# Barnaby Ate My Hair Scrunchie!



## swishywagga (Nov 13, 2012)

So I had been wondering what had happened to my favourite pink glittery hair scrunchie! All was revealed on our walk earlier, there it was in his "business"!. I have NO idea how he got it, but my golden puppy eater hs now become my golden senior eater!. I honestly am so careful, I just think he has that "unique golden talent" for stealing things. Don't think he will change now, just wanted to share!


----------



## HolDaisy (Jan 10, 2012)

Naughty Barnaby eating your Mom's favourite scrunchie! lol. I have a feeling that Sammy will grow up to be just like Barnaby eating things in his senior years. I do love a senior that never grows up though, it's sweet that they're still pups at heart


----------



## swishywagga (Nov 13, 2012)

Hollie, I see so much of Barnaby in Sammy!. He brings back so many memories, they even look so similar. When you said Sammy drags things outside that made me laugh so much, Barnaby used to take the pillows off the bed and run out into the garden with them!


----------



## GoldenMum (Mar 15, 2010)

Glad things all "worked out" in the end. Oh Barnaby, you big puppy you!


----------



## HolDaisy (Jan 10, 2012)

swishywagga said:


> Hollie, I see so much of Barnaby in Sammy!. He brings back so many memories, they even look so similar. When you said Sammy drags things outside that made me laugh so much, Barnaby used to take the pillows off the bed and run out into the garden with them!
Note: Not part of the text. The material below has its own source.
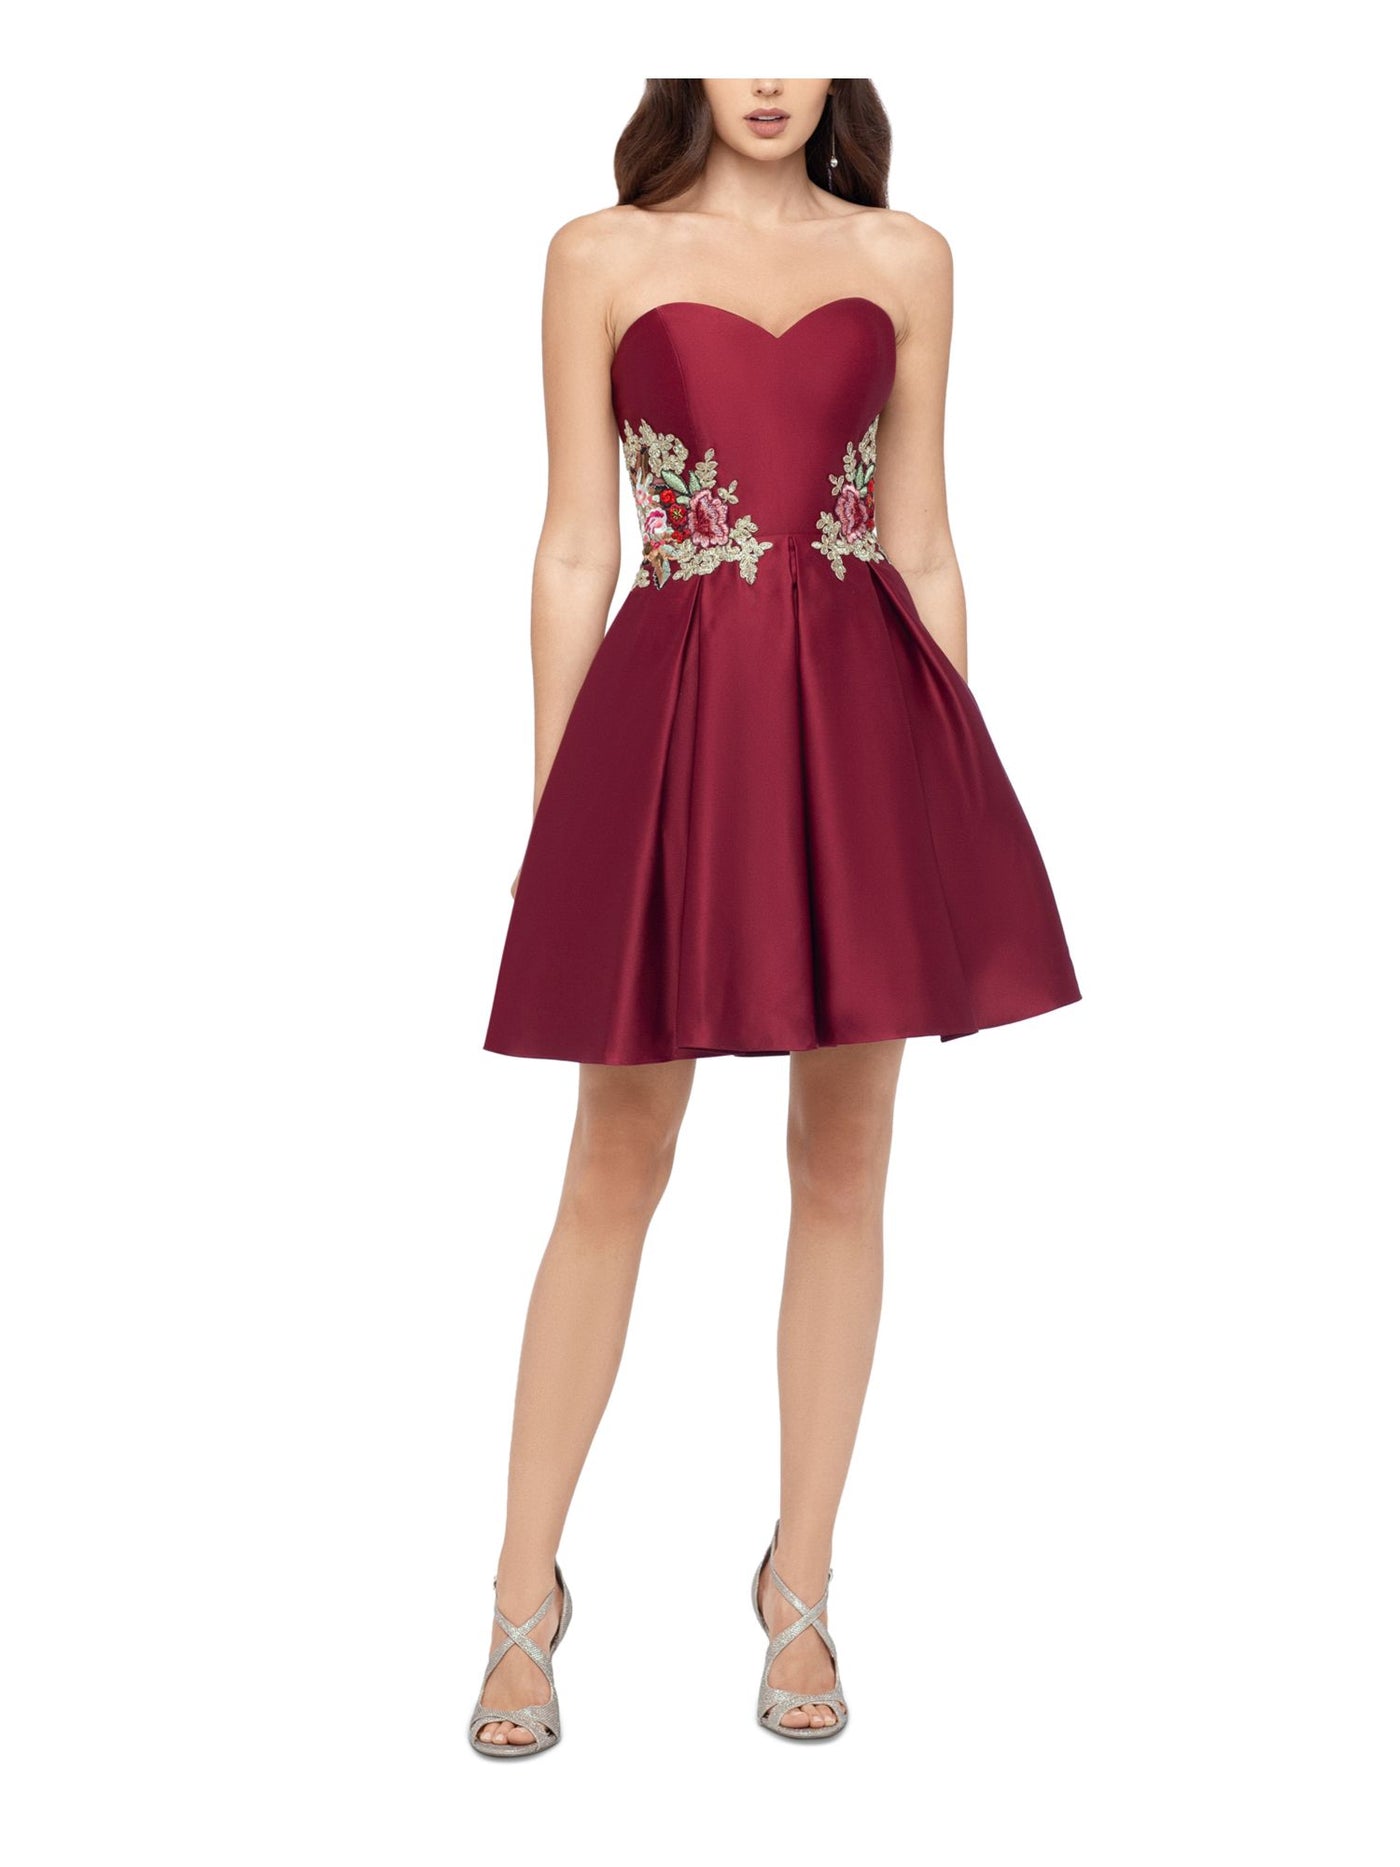 BLONDIE Womens Maroon Embellished Floral Sweetheart Neckline Above The Knee Party Fit + Flare Dress Juniors 5
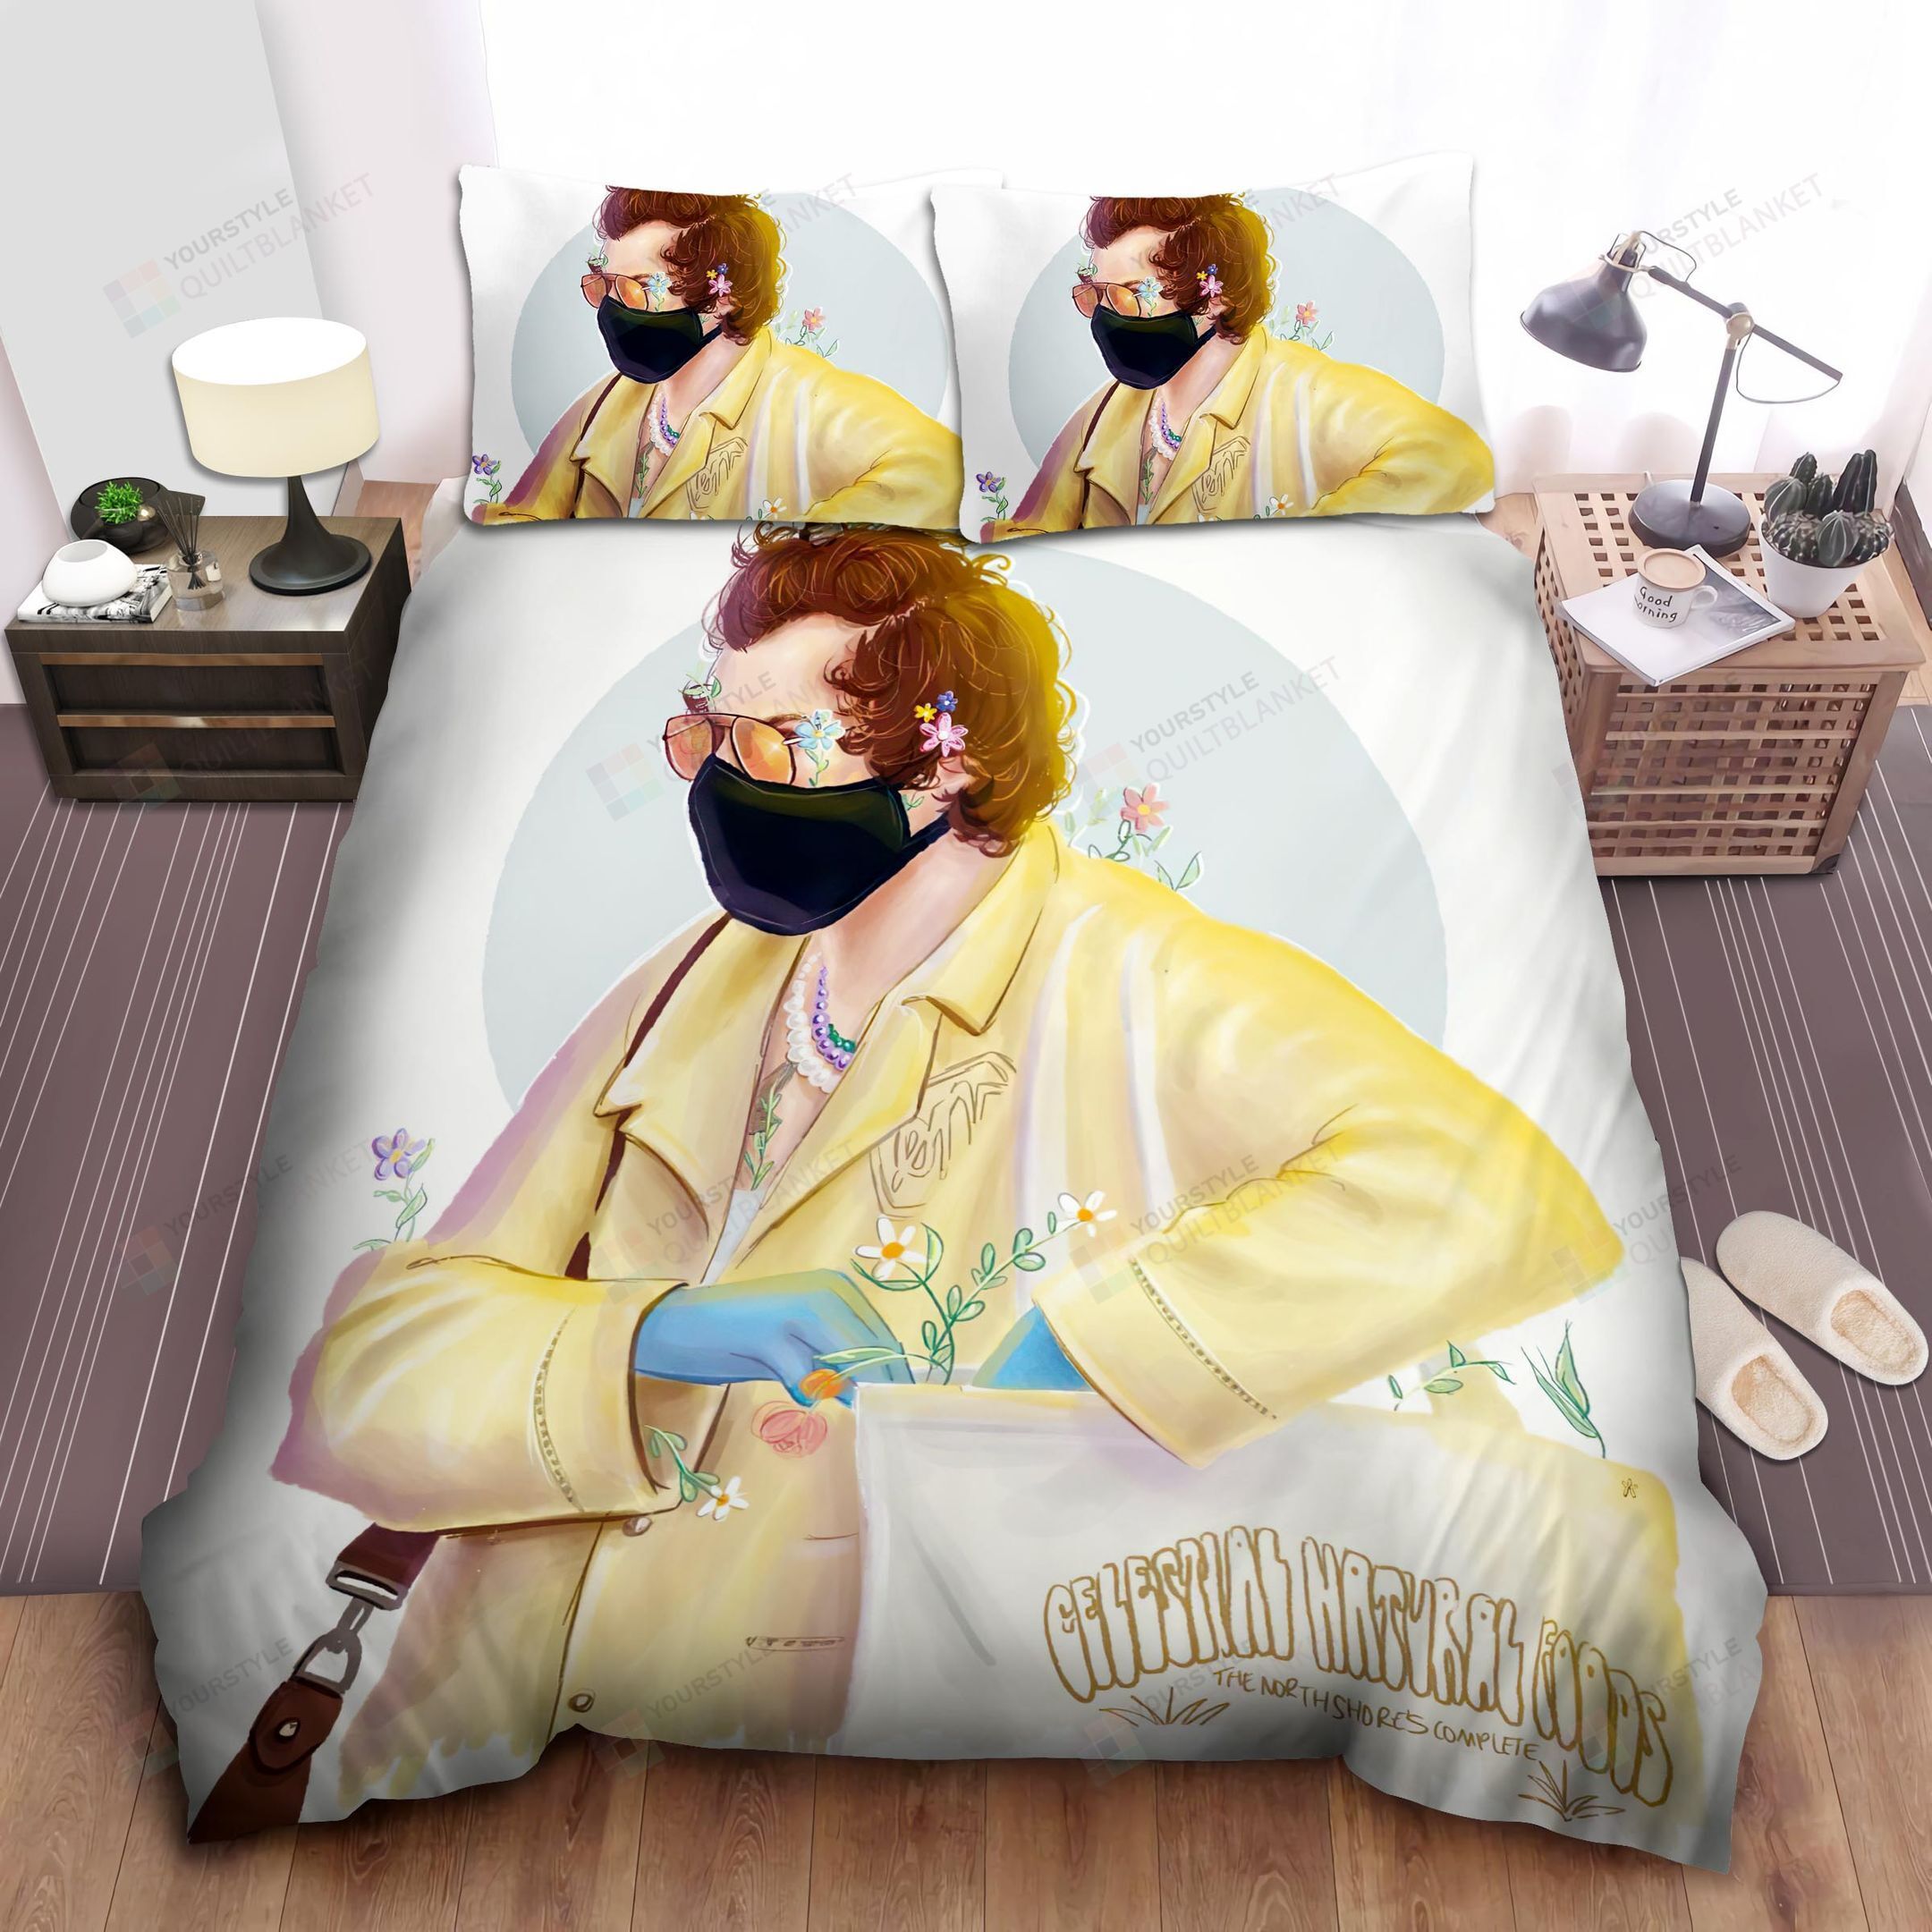 Harry Styles Bed Sheets Spread Comforter Duvet Cover Bedding Sets

They do look very similar and sounds like they have the same funny characters  Oh that's hilarious about him taking the pillows, bless him! Sammy would do that too most probably if he had the chance but the bedrooms are off limits in the day. We even had to put a bolt on my sister's room to stop him opening the door handle and going in to steal things lol.


----------



## hotel4dogs (Sep 29, 2008)

Barnaby says that if you fed him the stuff the Tiny gets, he wouldn't have to eat your hair scrunchy  !


----------



## swishywagga (Nov 13, 2012)

hotel4dogs said:


> Barnaby says that if you fed him the stuff the Tiny gets, he wouldn't have to eat your hair scrunchy  !


Auntie Barb, u is sooo rite, i want da hott dawg sausage wid da ketchup fur my din dinz tomoz, wid da peeech n apricoott ice creem!


----------



## Chaya (Aug 18, 2012)

Naughtiness that tried our patience when they were puppies now warms our hearts when they're old gold!


----------



## swishywagga (Nov 13, 2012)

Chaya said:


> Naughtiness that tried our patience when they were puppies now warms our hearts when they're old gold!


Beautifully said!


----------



## Sweet Girl (Jun 10, 2010)

I'm afraid this made me laugh. Sorry about your pink scrunchy - but I can imagine the look on your face when it all came out in the poo! :


----------



## swishywagga (Nov 13, 2012)

Sweet Girl said:


> I'm afraid this made me laugh. Sorry about your pink scrunchy - but I can imagine the look on your face when it all came out in the poo! :


I have to admit, there have been many things over the years that have passed through shall we say, but the way it glittered made me laugh very loudly!


----------



## *Laura* (Dec 13, 2011)

HAHAHA.....Barnaby you've made me laugh out loud too


----------